Total genomic DNA was extracted from fresh frozen tissue of all samples using the TIANamp Genomic DNA Kit (Tiangen Biotech, Beijing, China). HPV detection and genotyping were done using the Human Papillomavirus (HPV) Genotyping Real-Time PCR Kit (Liferiver Bio-Tech, CA, United States). The Luminex bead-based genotyping approach allows for the diagnosis of 15 high-risk forms (16, 18, 31, 33, 35, 39, 45, 51, 52, 56, 58, 59, 68, 73, and 82) and six low-risk types (6, 11, 42, 43, 44, and 70), according to the manufacturer’s instructions. The HPV genotypes were categorized as HR‑HPV or LR‑HPV based on the scheme opined by Dunne et al.

Statistical analysis

SPSS software (version 22.0; SPSS, Inc., Chicago, IL, USA) was used for statistical analysis. Fischer's tests and non-parametric Mann–Whitney's test were used for univariate analysis. P < 0.05 was considered to indicate a statistically significant difference (Table 1).

Results

HPV DNA status

3 (18.75%) patients were HPV + based on PCR results (Table 2). Only in 3 (18.75%) cases did the PCR result match the positive p16INK4a staining (Table 2). In 5 (31.25%) cases, p16INK4a staining was positive, but the PCR result was negative (Table 2). In summary, p16INK4a staining for diagnosing HPV is inadequately sensitive and specific.

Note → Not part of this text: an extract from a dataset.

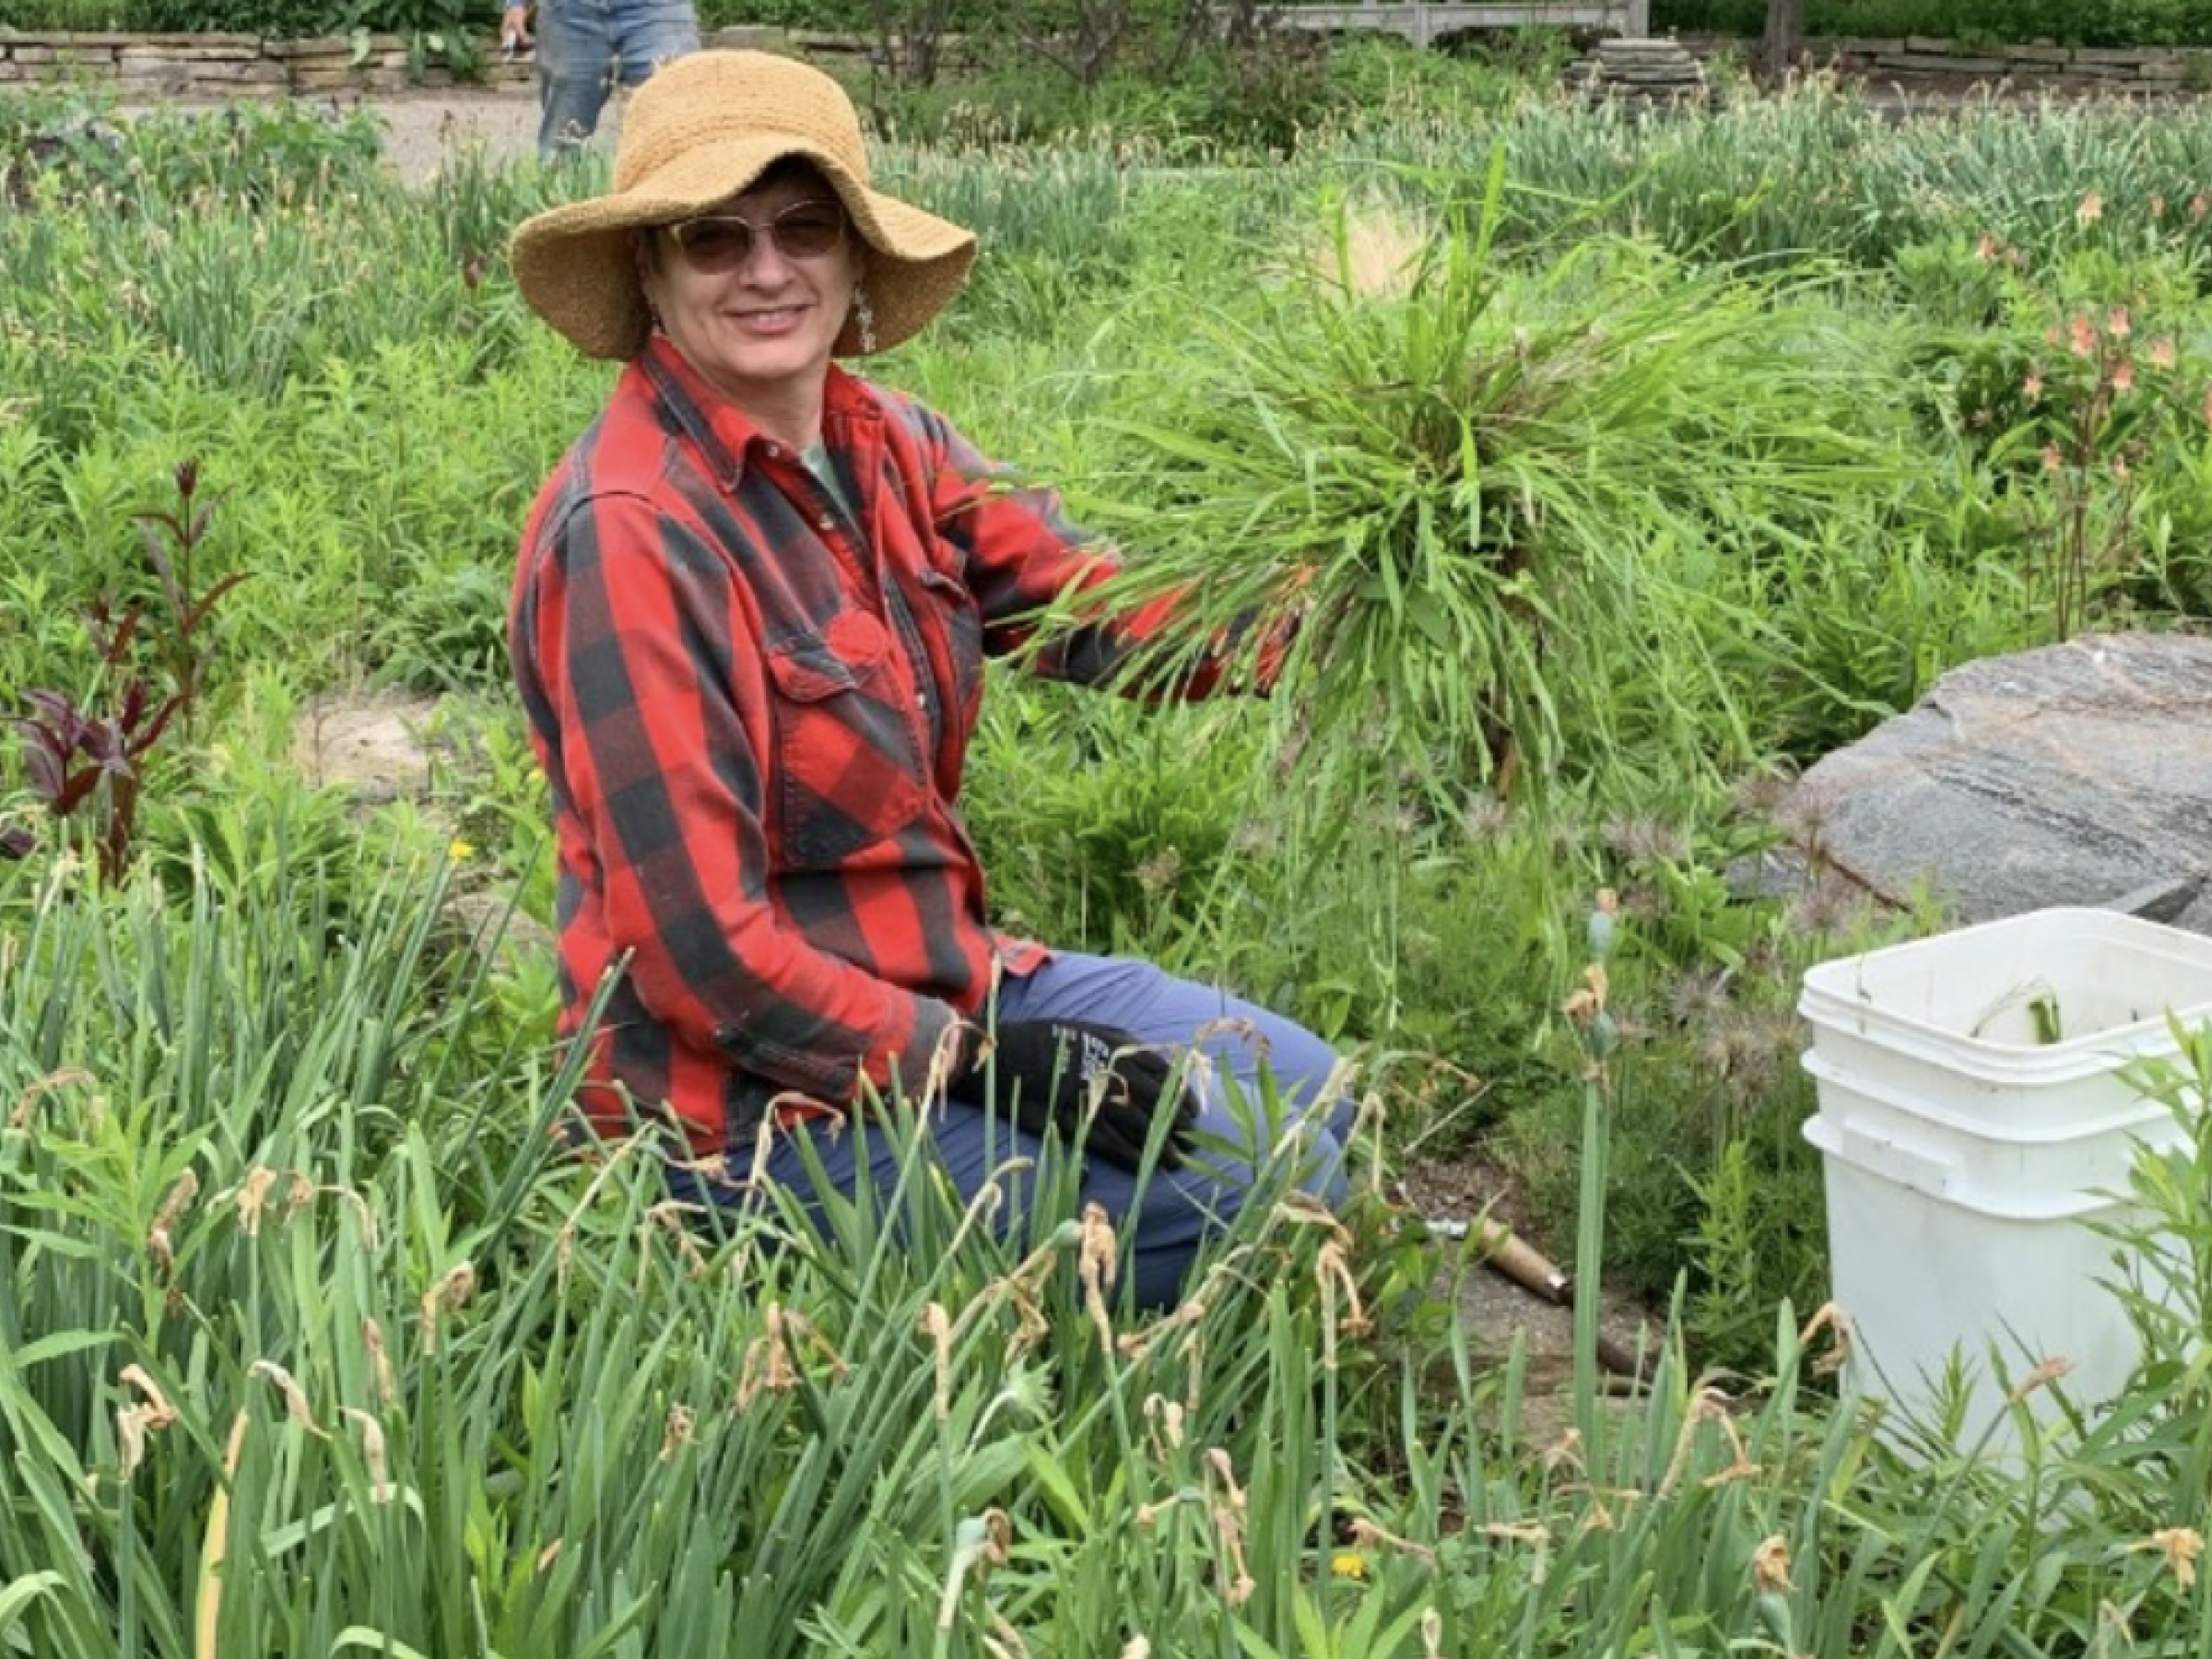 Volunteer collecting weeds in an outdoor garden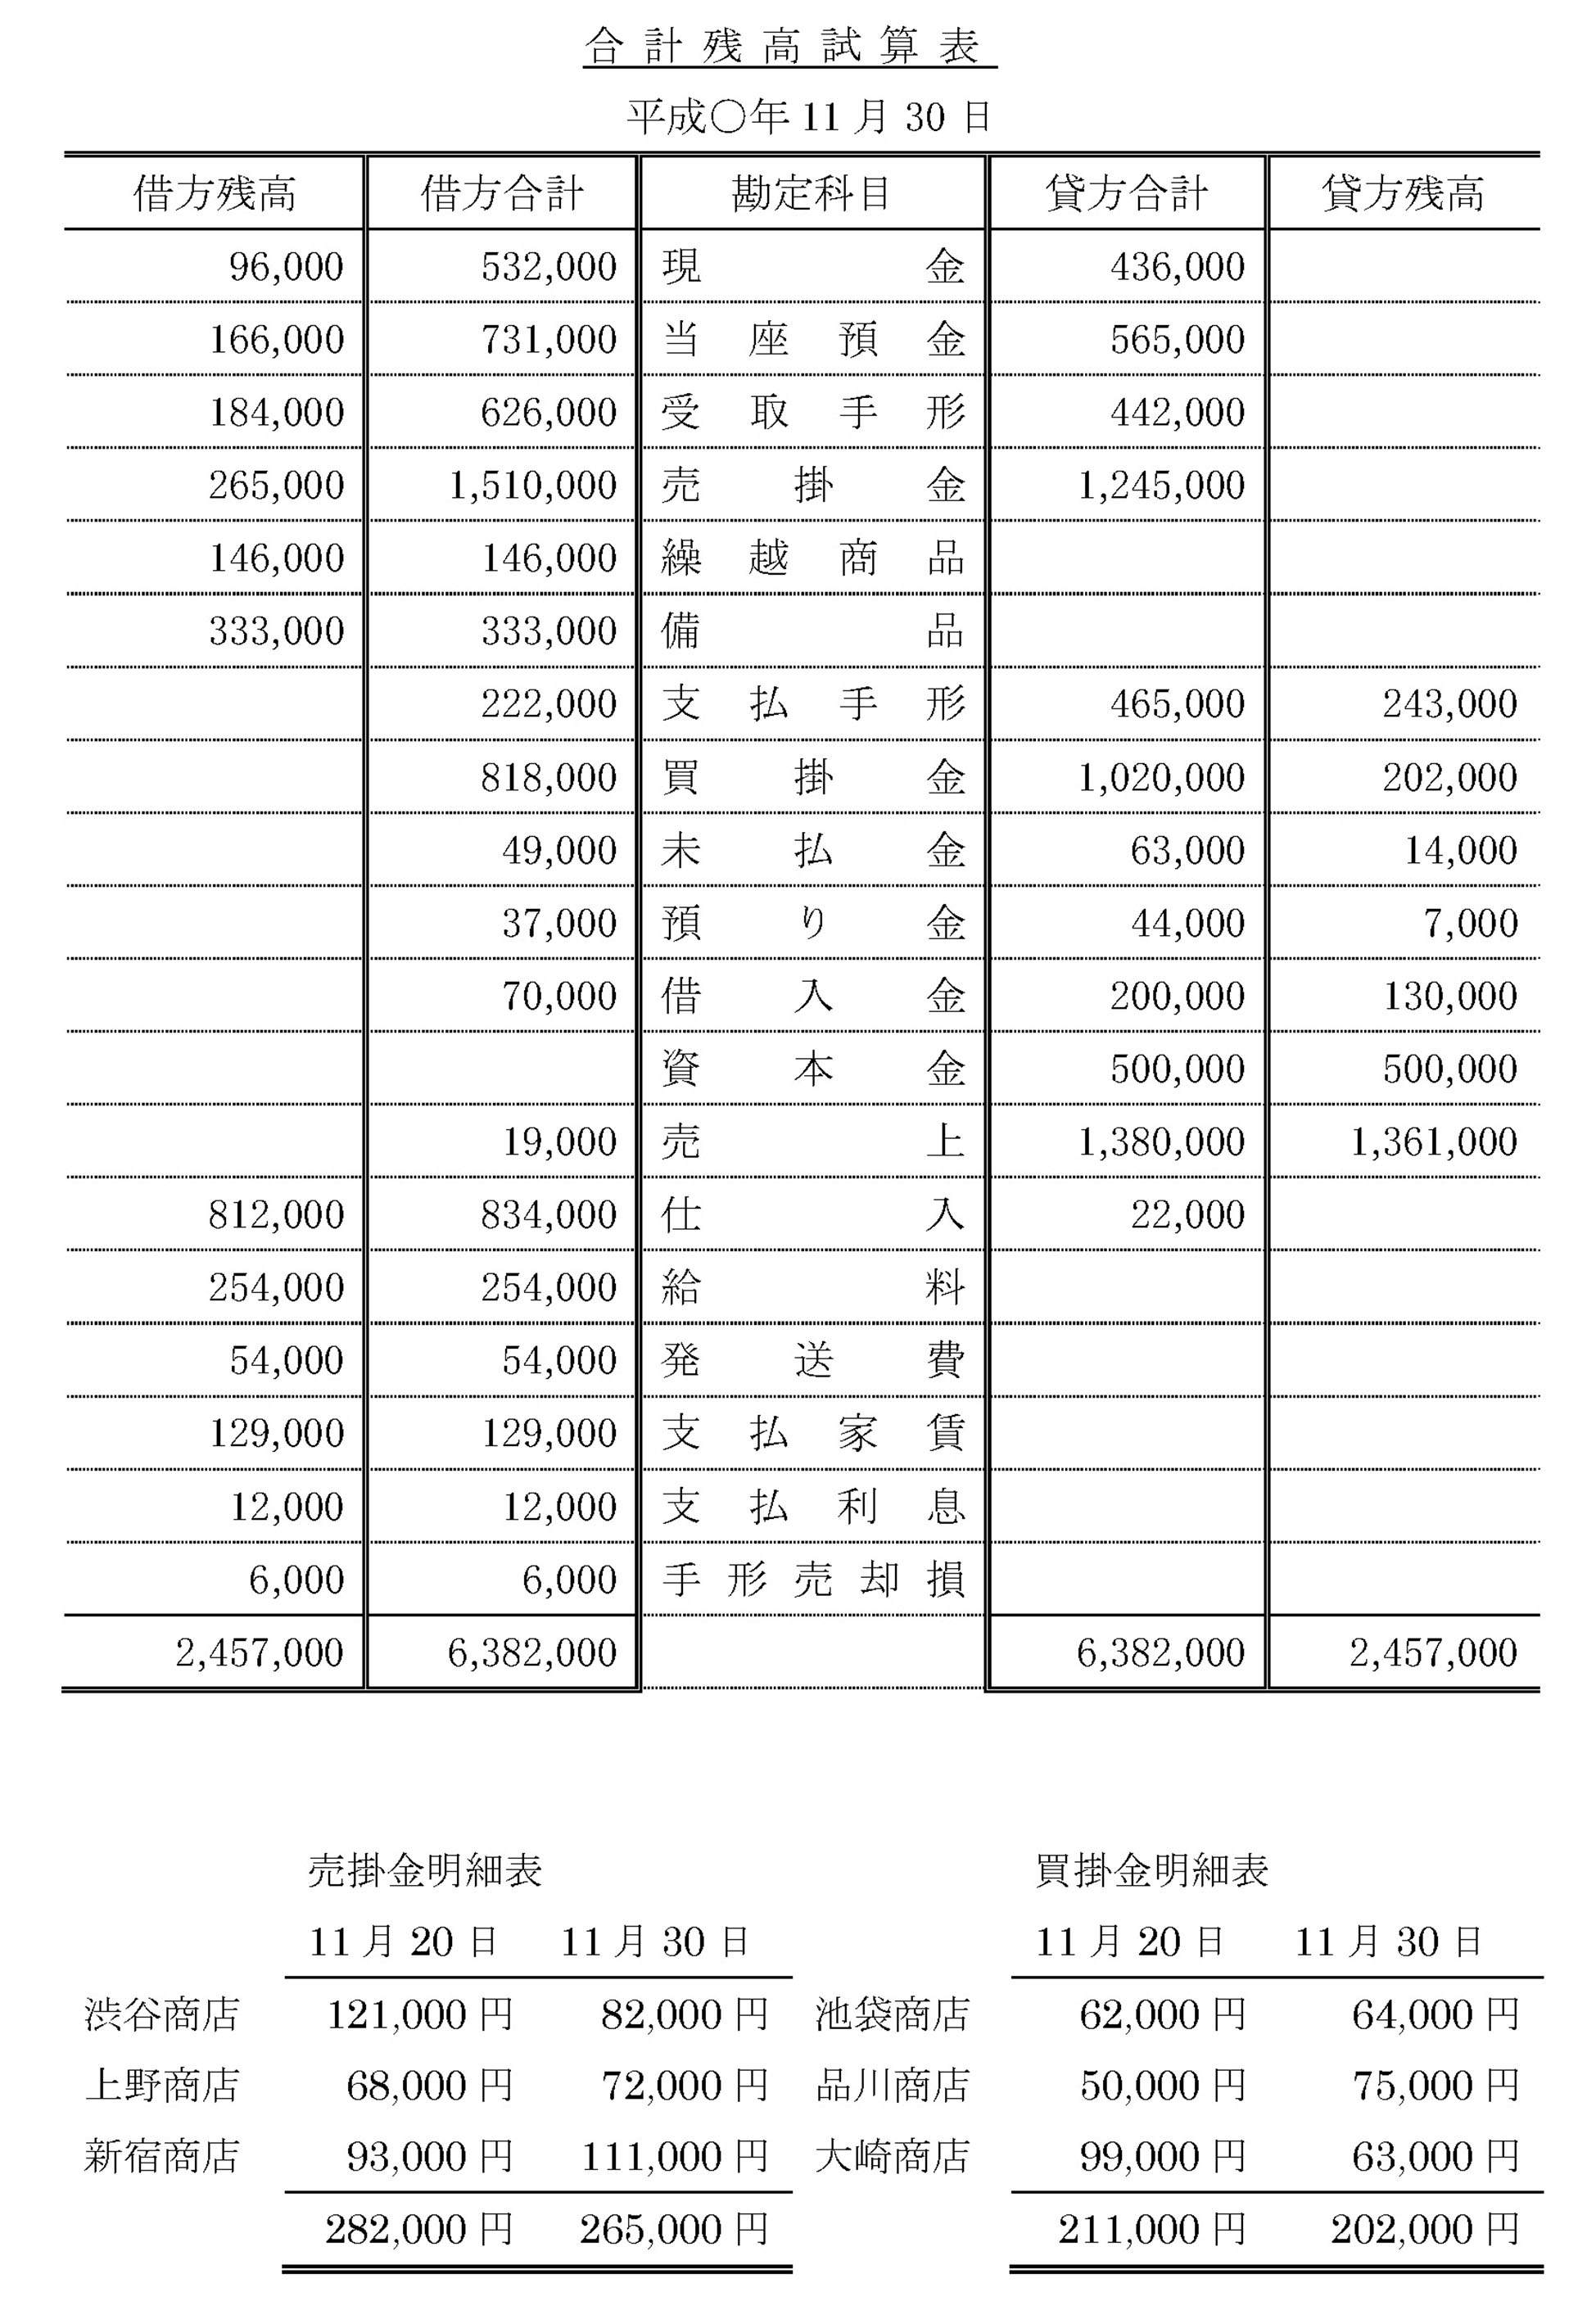 東京ビジネス 合計残高試算表 (建設・科目印刷・消費税無) 平成18年

Among the 3 HPV positive specimens, the most often diagnosed HPV type was HPV-16 (66.7%), followed by HPV-18 (33.3%). Low-risk type HPV DNA (HPV-6/11) was not found in all specimens.

Expression of p16INK4a and Ki-67 in EACSCC

Complete p16INK4a expression absence was seen in 8 of 16 (50%) EACSCC (Table 1). The remaining EACSCC were scored with varying extent as well as the pattern of p16INK4a expression (Fig. 1 and Table 1). As demonstrated in Table 1, a diffuse p16INK4a expression pattern was frequently observed in EACSCC. The 16 EACSCC were categorized as well to moderately differentiated (Fig. 1) as follows: G 1 (eight cases), G 2 (eight cases). It is pivotal to mention that all eight moderately-differentiated (G 2) EACSCC displayed p16INK4a positivity (Table 3). Comparing the well (G1) with moderately differentiated (G2) EACSCC, it was noted that all cases diagnosed as G2 presented more frequent p16INK4a positivity, whereas the G1 cases were p16INK4a negative (Table 3).

Table 1 p16INK4a and Ki-67 evaluation parameters in EACSCC
Fig. 1
figure 1

p16INK4a and Ki-67 expression in normal skin (A p16INK4a; B Ki-67), well differentiated squamous cell carcinoma (G1; C H&E stain; D p16INK4a; E Ki-67) and moderately differentiated squamous cell carcinoma (G2; F H&E stain; G p16INK4a, H Ki-67)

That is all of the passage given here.